Although it has been confirmed that SCH is closely related to cardiac metabolism and the occurrence and development of hypercholesterolaemia and atherosclerosis, the potential relationship between SCH and MACCE remains controversial. The Thyroid Studies Collaboration found a significant increase in CHD-related mortality in patients with SCH, especially those with TSH ≥ 10.0 mIU/L. Similar observations were found in stroke, myocardial infarction, and heart failure events.[5,27,28] Izkhakov et al.[2] reported that SCH is closely related to short-term and long-term cardiovascular adverse events in STEMI patients undergoing PCI. A recent study by Moon reported an association between SCH and a greater risk of cardiovascular disease (CVD) and all-cause mortality in subpopulations with underlying CVD or high CVD risk.[4] At the same time, some researchers held the opposite view that patients with SCH did not show a higher risk of CVD and all-cause mortality than adults with normal thyroid function.[27,29] In elderly patients with SCH, neither transient nor persistent SCH can be used as a risk factor for CHD, heart failure or cardiac death.[14] In the present study, we evaluated a large cohort of NSTE-ACS patients treated with PCI and followed the risk of MACCE after PCI. Patients with persistent SCH had a higher risk of nonfatal MI and unplanned PCI. After adjusting for covariates, persistent SCH was still associated with a higher risk of MACCE in subgroups of different ages, genders, and moderate and severe coronary artery lesions. While there is an association, we currently do not have evidence that treating SCH in this setting will improve outcomes. A recent study did not support the treatment of SCH in patients with acute myocardial infarction.[30] However, thyroid hormone treatment may provide benefits in certain subgroups, such as patients who are younger or have more severe coronary artery lesions. There is a need for more prospective randomized studies on the impact of thyroxine treatment on outcomes in the future.
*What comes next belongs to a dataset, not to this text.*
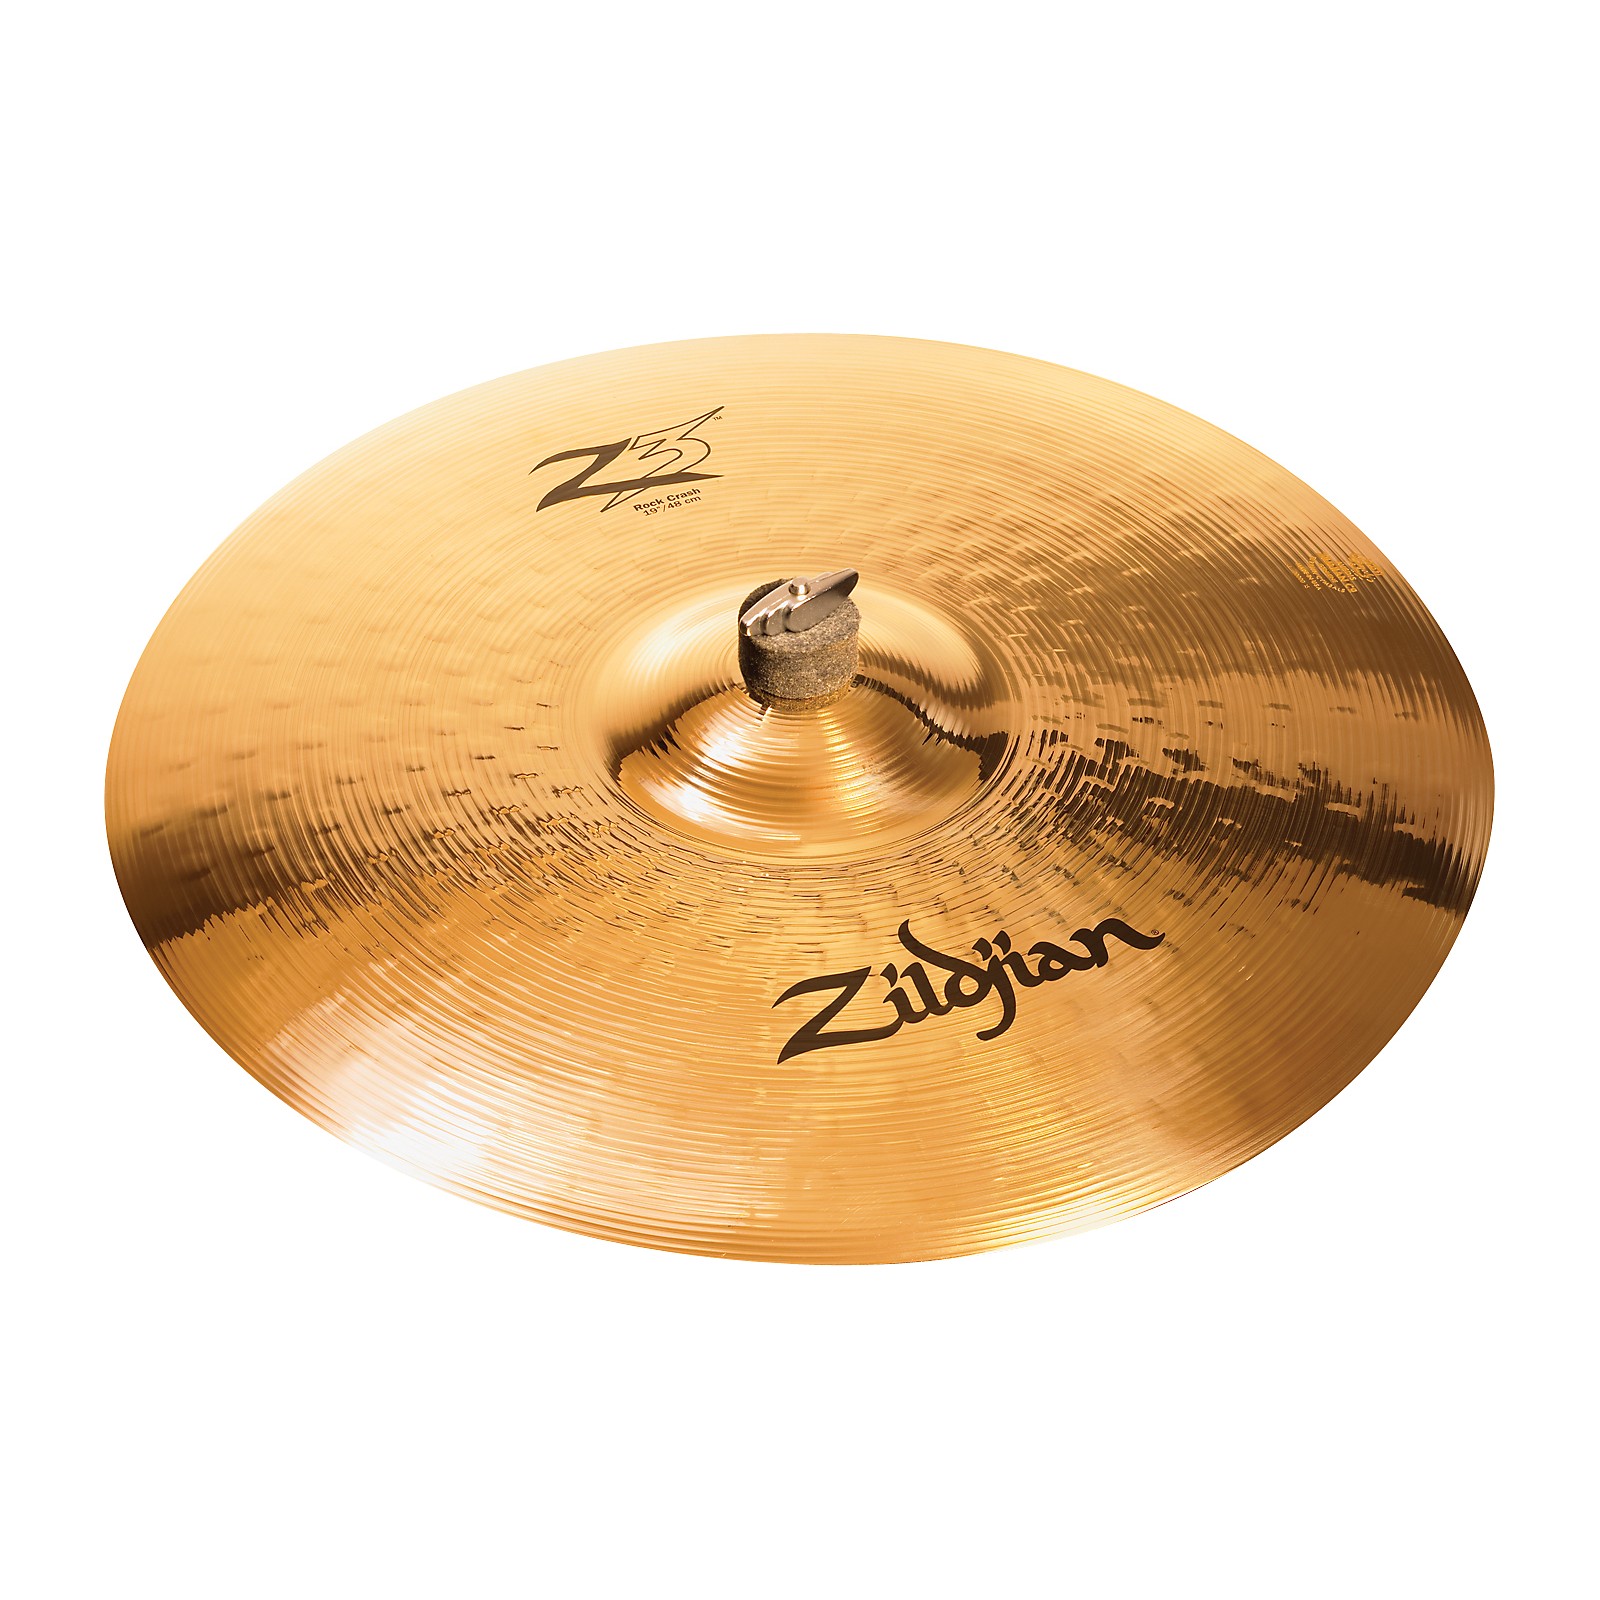 Zildjian Z3 Rock Crash Cymbal 18 in. | Guitar Center

There are several potential mechanisms that explain the relationship between SCH and MACCE. In our study, the fasting blood glucose of SCH patients was significantly higher than that of ET patients, which was consistent with the findings of Xu et al.,[31] stating that SCH is associated with metabolic syndrome caused by increased insulin resistance. SCH can increase blood pressure by increasing systemic vascular resistance and cause endothelial dysfunction by reducing the availability of nitric oxide. The increase in TSH level is closely related to the increase in thrombus load, especially in NSTE-ACS complicated in SCH patients with both hypercoagulable and hypofibrinolytic states, which may lead to an increased risk of thrombosis.[32] The linear relationship between serum TSH and thrombus area in patients with NSTE-ACS suggests that there may be a causal relationship between elevated TSH levels and thrombus area. Although patients with NSTE-ACS and SCH received the best secondary prophylaxis, the thrombus load was still high.[21] This finding may explain the higher cardiovascular risk in patients with SCH in this study and support our results that SCH mediates the association of cardiovascular adverse events in patients with NSTE-ACS after PCI. Our results also suggest that SCH may not be an independent risk factor for nonfatal stroke after PCI. This may be because SCH has a neuroprotective effect on ischaemic stroke,[33] which can greatly reduce the probability of nonfatal stroke in the short term after PCI. To better explore the mechanism of ischaemic events such as myocardial infarction and stroke caused by persistent SCH, more pathogenesis-oriented studies are needed to explain the degree and type of coagulation and fibrinolytic abnormalities in patients with persistent SCH.